Fascinating, Alamo-Girl -- but somehow not really surprising!
I especially liked the part about it not mattering whether the one praying for the patient (stranger!) was a Buddhist or a Christian. And that it also didn't matter where the person doing the praying was located. This rather supports the idea of consciousness somehow participating/propagating non-locally, in a universal field; and that the well-observed "group effect" may be independent of geographical location.
I recall not long ago Hank said he thought it was highly improper for people to pray for him, without being asked to do so. I wonder would he still feel the same way, if he were gravely ill, and friends and well-wishers unbeknownst to him were praying for his recovery.
So true, A-G; so true. Thanks so much for writing!

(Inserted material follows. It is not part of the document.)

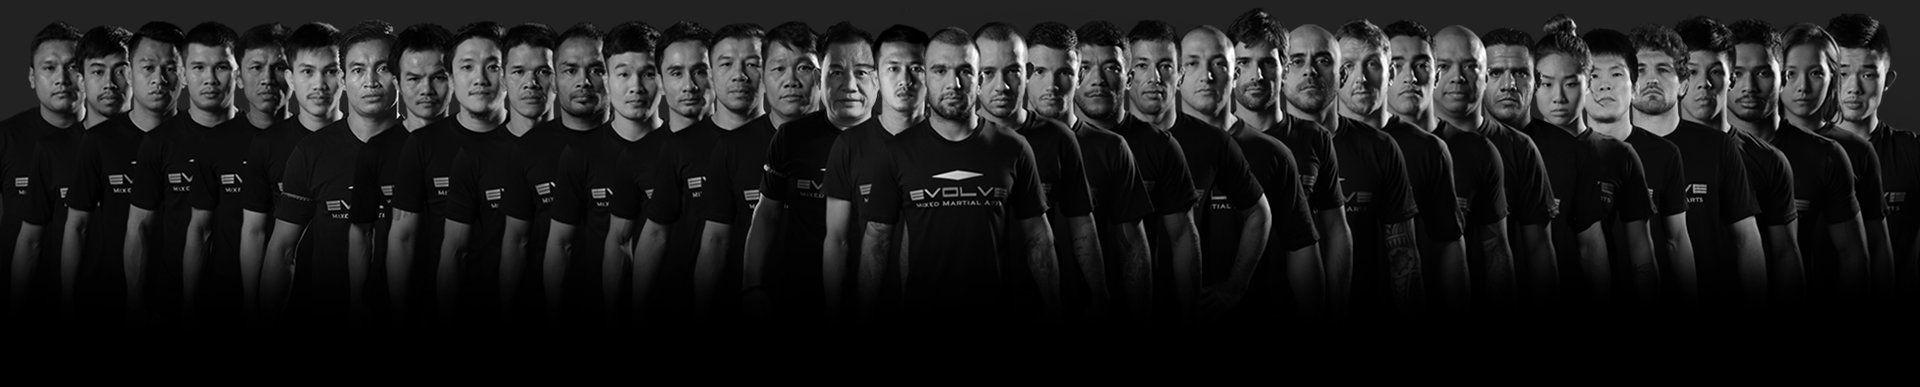 379bf28f3 Evolve MMA Singapore | Asia's #1 Mixed Martial Arts Gym
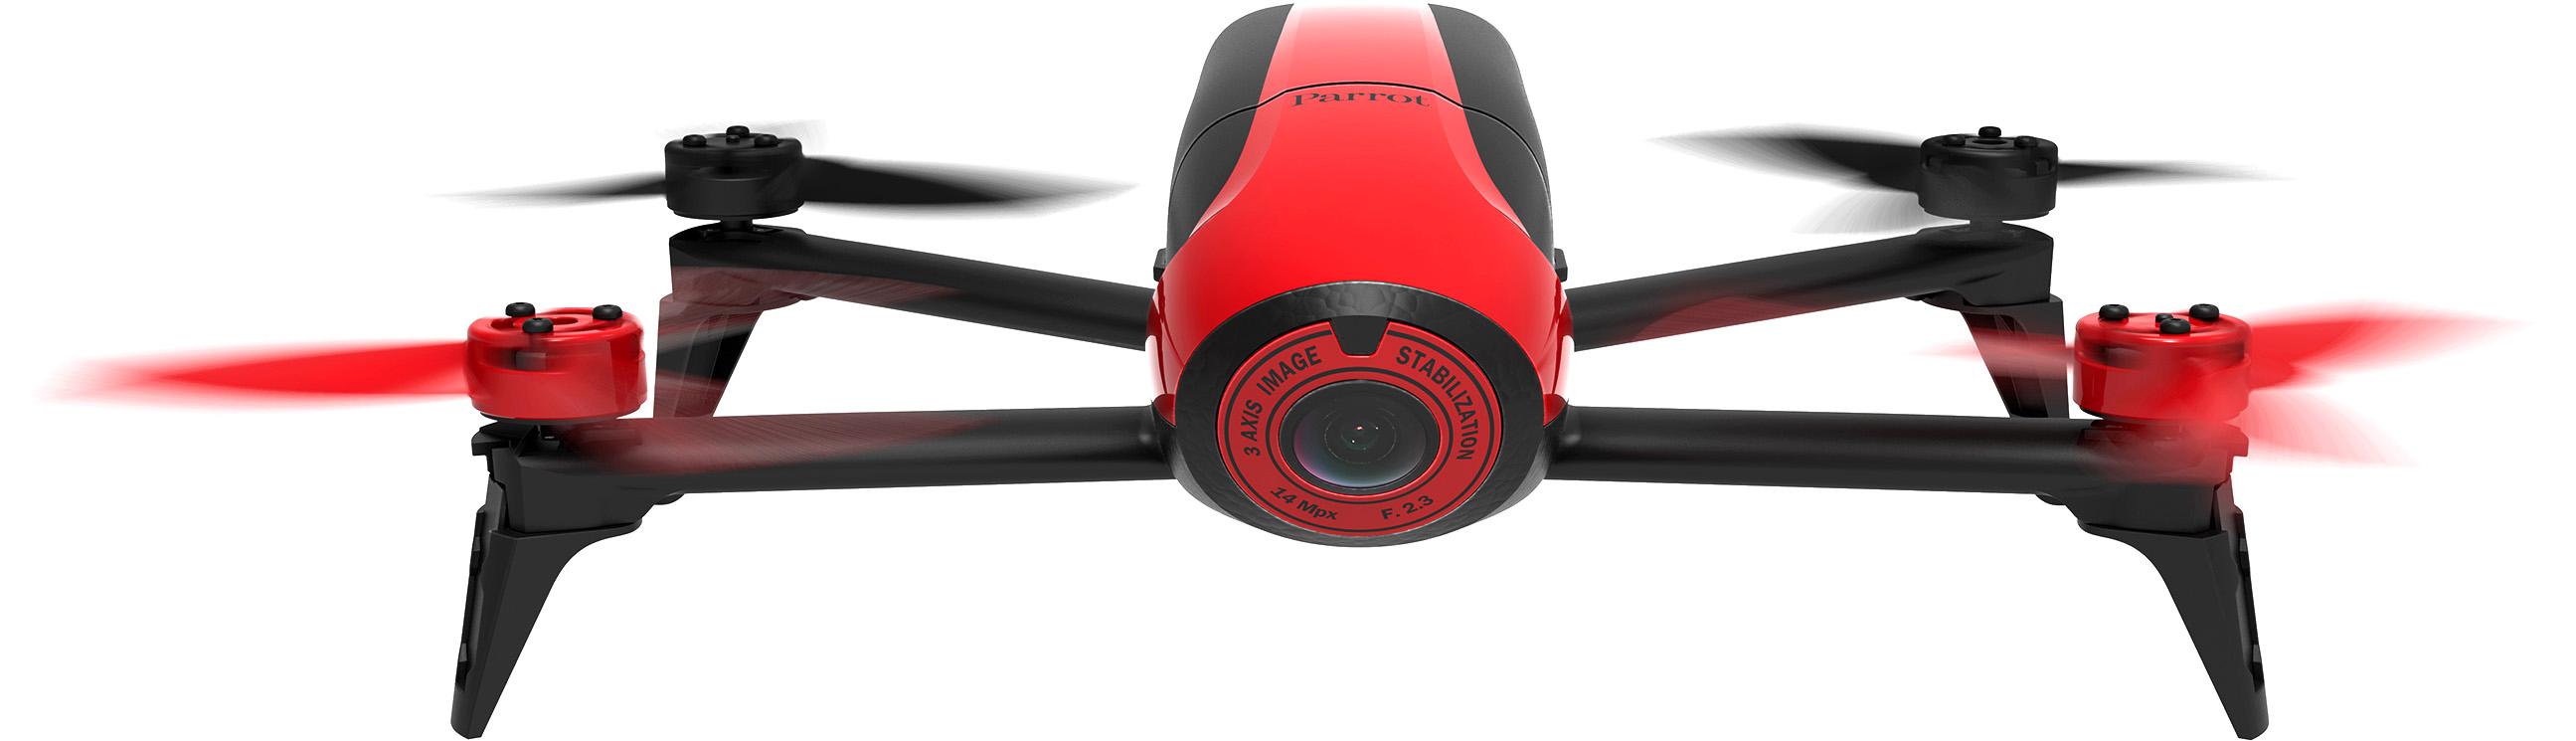 Parrot Bebop Drone 2 (rood)

Are we finally beginning to get it?
LOL, A-G!!! Me, too! (But don't let that out....)
"Use the force, Luke!"
I'm wondering how they could even measure these effects considering the background noise of general healing. I say that because I know plenty of people, in fact, whole congregations, who pray for all the sick and infirm. Universal coverage, so to speak. Maybe, there's a threshold of prayer volume, or a specificity, necessary for these "target" effects to be noticed...
In other news, magnetized wrist bands worked in half the people of one study. The variable was whether the targets believed they would work or not. I'm not joking. There was a controlled study published about 2 months ago. Half of the subjects believed the bands would work, and for those the wristbands worked. I can't say enough good about the placebo effect.